Saunders: The ruler of the turntable controls the sounds

bsaunders@newsobserver.comApril 20, 2014 

What? You mean all you have to do is ask?

All those unfinished meals, all those gulped drinks could’ve been finished leisurely had I merely asked the disc jockey to cease playing “Don’t Worry, Be Happy”?

UNC student Liz Hawryluk didn’t leave anything unfinished when she heard a song she found offensive while at Fitzgerald’s Irish Pub in Chapel Hill earlier this month. At least, not on purpose. In some accounts, Hawryluk was asked to leave the DJ’s booth. That’s the pub’s account. Some of her supporters said she was escorted from the joint by bouncers.

The DJ, inexplicably, apparently played Robin Thicke’s song “Blurred Lines” one time too many for Hawryluk. “Inexplicably” because the song, a wan ripoff of Marvin Gaye’s “Got to Give It Up,” is at least a year past its sell-by date.

Regardless of what one thinks of Hawryluk’s asking – or, depending upon whose account one reads, demanding – that the DJ stop playing a song which she felt promoted rape culture, you should admire the nerve it took to tell him she didn’t like his playlist. Most DJs I know consider themselves spin artists who are just as important as the music itself.

I’m just glad Liz wasn’t in my former stomping grounds in Raleigh, a club called 30 Plus – so named because everybody in there was supposed to be at least that old. The DJ, on this particular night several years ago, must’ve thought he was at a hip-hop convention and played music more suited to 15 and under. After being goaded by equally disaffected buddies, I sauntered over and, just as kindly as you please, asked if he had anything slow, like some vintage Luther, that he could play.

He didn’t take the suggestion well. Last December, while tracking Santa Claus, NORAD – the North American Aerospace Defense Command – reported seeing the string of profanity he unleashed toward me around 1998 still floating in earth’s atmosphere.

Guess who has never, ever asked another DJ to play a request?

My call to Fitzgerald’s for some insight into the pub’s decision was not returned. In published comments, though, pub spokeswoman Lauren Shoaf apologized to Hawryluk and said employees are now more aware of things that could offend people.

Say what? Does that mean the pub will try to avoid playing music that offends anyone?

Good luck with that, and good luck with getting people to buy beer and wings while listening to “Mary Had a Little Lamb.”

Music is essential to a business’s success, and several years ago, my own musical choice cost a restaurant on Chicago’s South Side a lot of business. When my friend Avis and I first entered The Soul Queen, we were the only two customers in the joint. With all-you-can-eat pig’s feet, potato salad, ribs and – get this, on the South Side of Chicago – delicious sweet tea, could the situation get any better?

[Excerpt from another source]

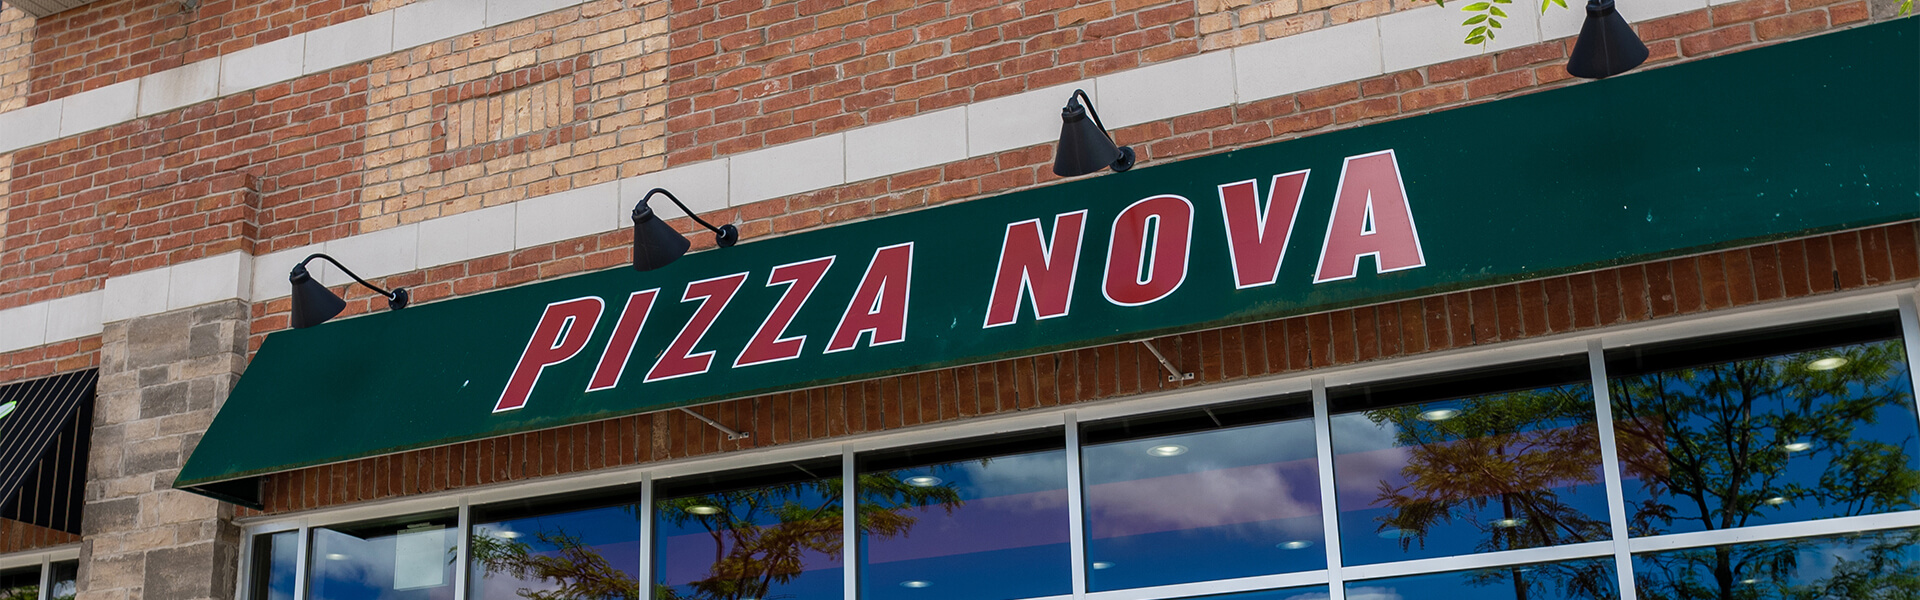 Pizza Nova - Exterior - Banner

I submit that it could – and did, because moments after entering I spotted in the corner an unattended jukebox that contained Z.Z. Hill’s “Cheatin’ in the Next Room.” I deposited $5 worth of quarters, hit K-7 20 times and sat back, prepared to enjoy Z.Z. and those pig trotters until I just couldn’t see straight.

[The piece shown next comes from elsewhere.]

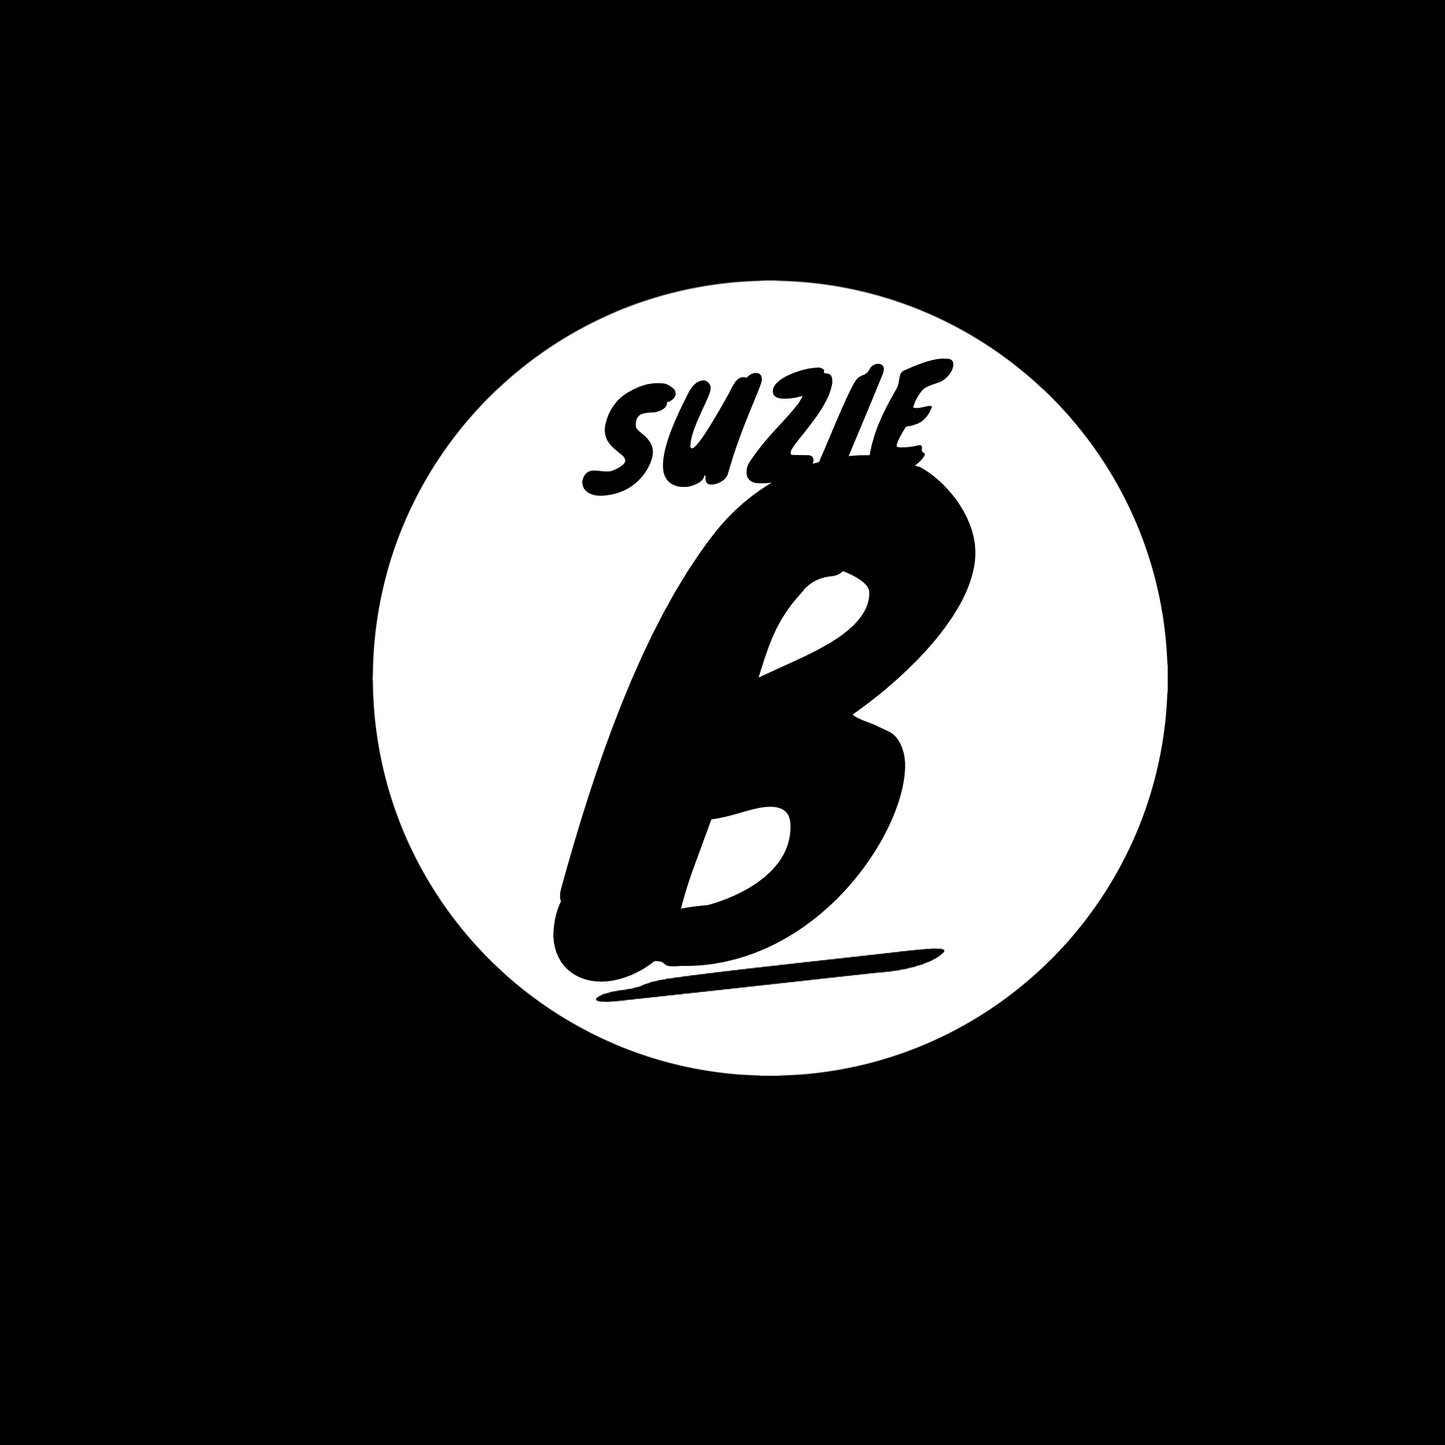 Suzie B

Hog heaven, indeed – until about the 13th play. That’s when more customers started filing in and shooting me dirty looks, muttering and cursing under their breath, each time the needle dropped and the song began anew. Some left.

The owner, perhaps fearing a mutiny or a mass exodus, wisely unplugged the jukebox.

Didn’t matter, though: by that time, I was already full of Z.Z. and pig’s feet.

The lesson in Chapel Hill and in Chicago seems to be that, as one gets older, you learn certain things, things such as living in a free society means that other people are free to – EGADS! – listen to music you may detest or find offensive.

Especially if they get to the jukebox first.